Not many wrestlers get to experience the challenges of wrestling overseas, but Wayman wasn’t done yet. He returned from Japan and attended a wrestling camp at Arizona State University before taking another trip out of state.

This time his destination was Fargo, North Dakota for Nationals from July 12-20

“I was on track to placing at Nationals and then I hurt my knee, unfortunately,” Wayman said. “I got caught in a move and that was kind of disappointing. But it was a really good experience and I learned a lot in the training camp right before.”

Nevertheless, Wayman qualifying for Nationals was an accomplishment in itself and his coach couldn’t be prouder.
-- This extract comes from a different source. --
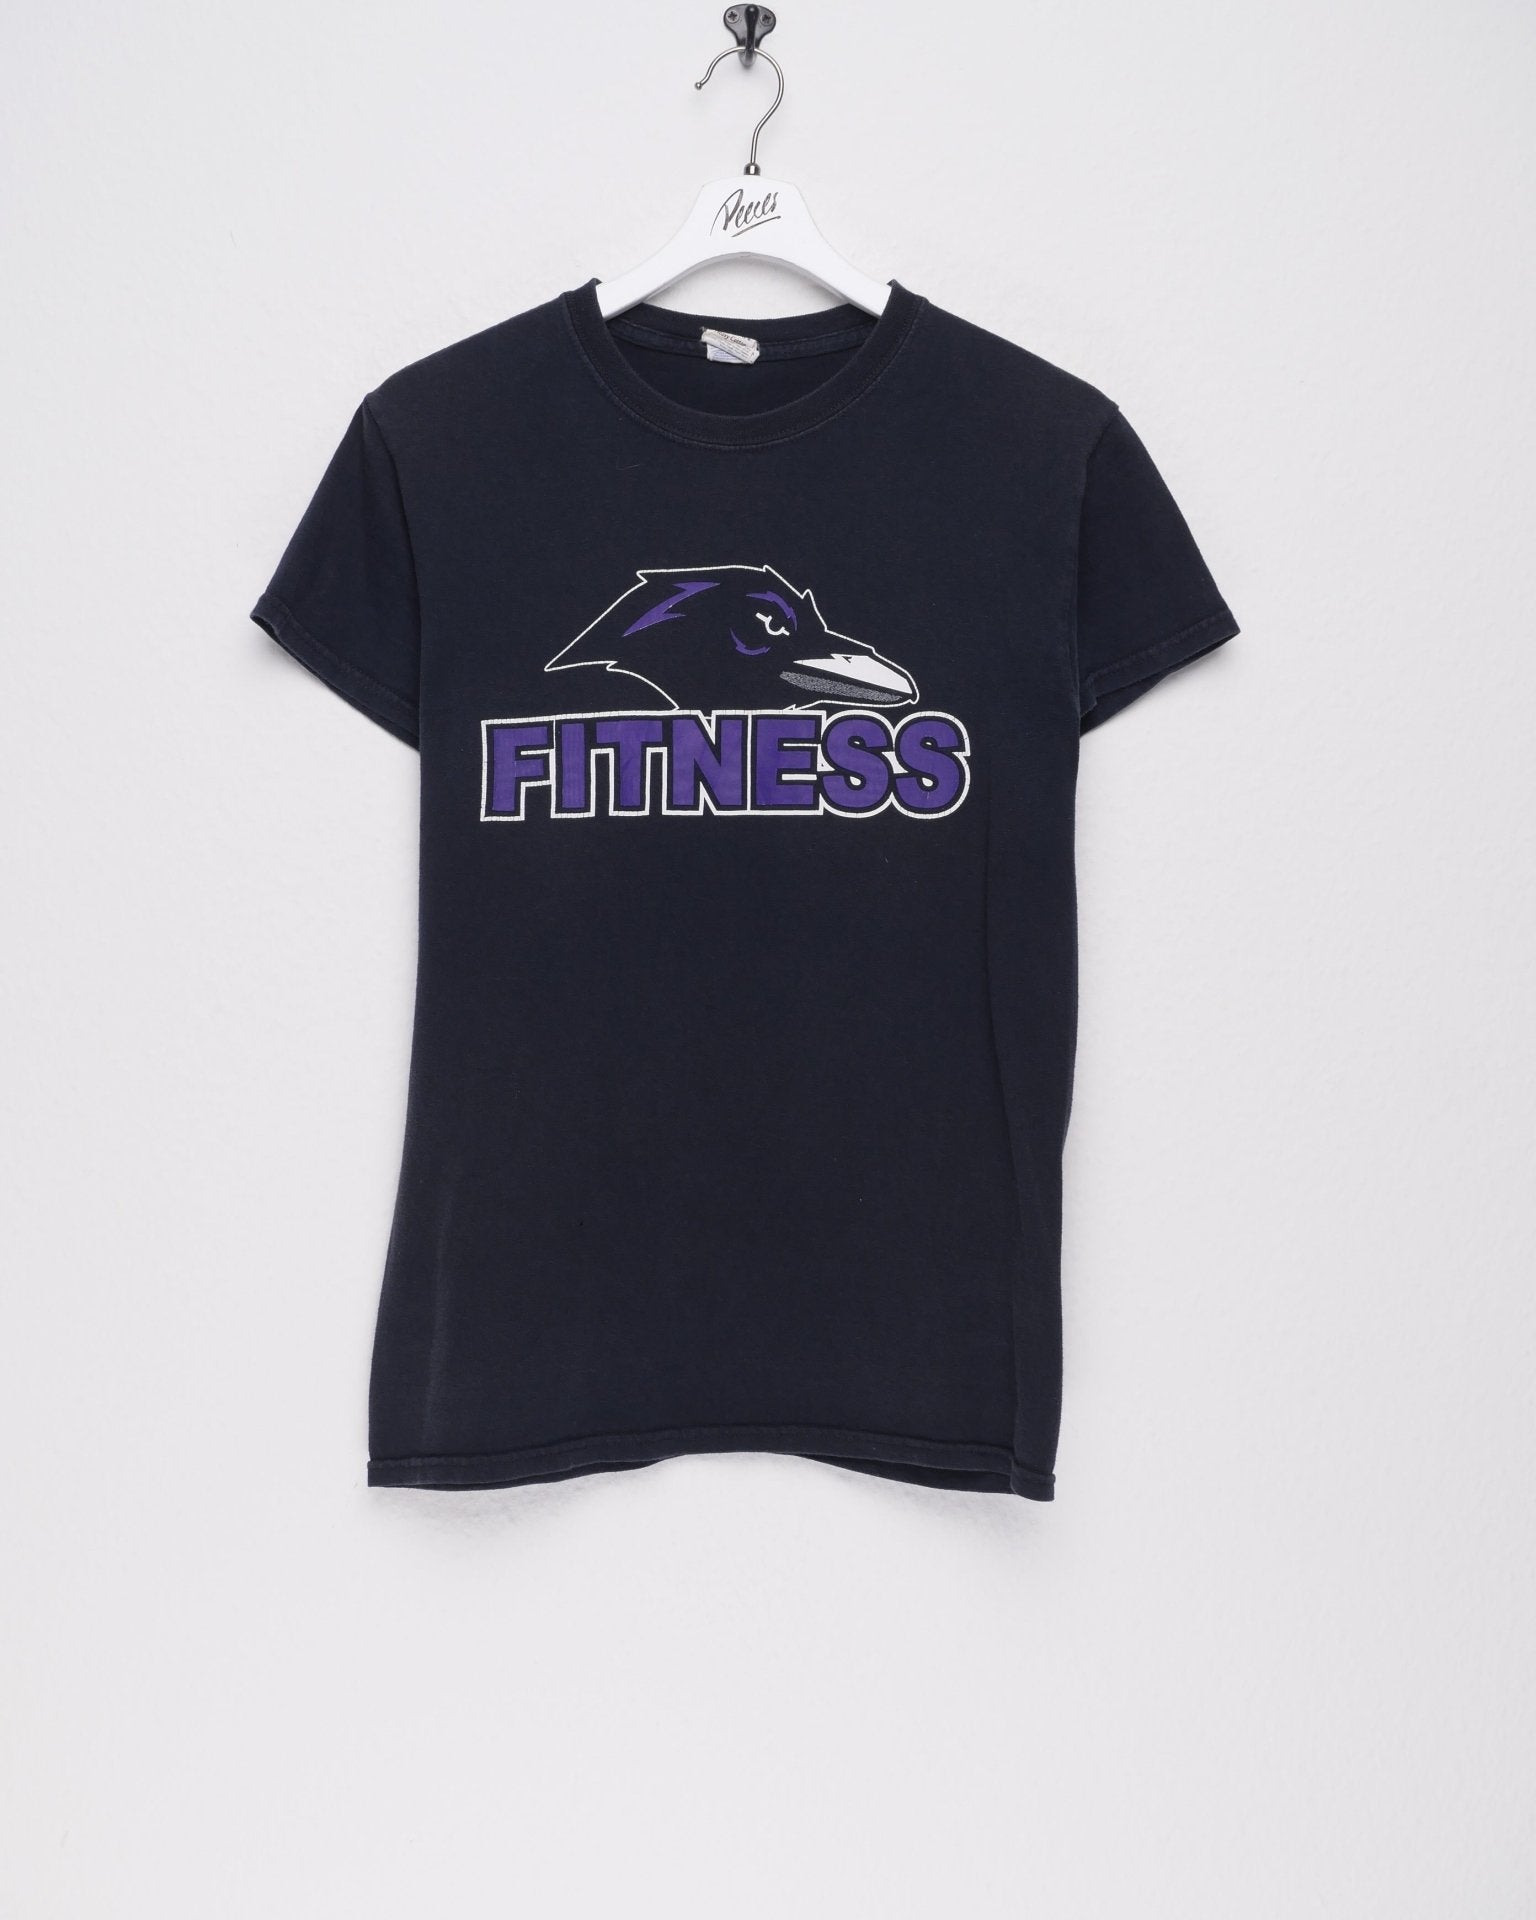 printed Logo 'Fitness' washed black Shirt - Peeces

“When it comes to Fargo, it is the biggest stage in wrestling and the biggest tournament in the country,” Ondrejka said. “And for Jimmy to even go there and win one match is huge. We’re going to take that as a victory right there. For him to perform on an international level and a national level is huge for him, it’s huge for this school and it’s huge for this program.”

With all of the summer achievements aside, Wayman knows it’s time to focus on recovery before he hits the mat for his final year with the Vols.

However, his rehab time won’t solely be about him.

“I kind of learn by teaching other people,” Wayman said. “I really have to think about it more and this little break from wrestling will help me teach some of the guys that didn’t get to do all the stuff that I got to do.”

But once he is back to full health, Wayman has his sights set high after taking third place at 145 pounds during the 2019 AIA Division III State Wrestling Championship.

“State championship – got to have it this year,” Wayman said. “As long as I stay at the pace I’ve been training, I know I’ll have it.”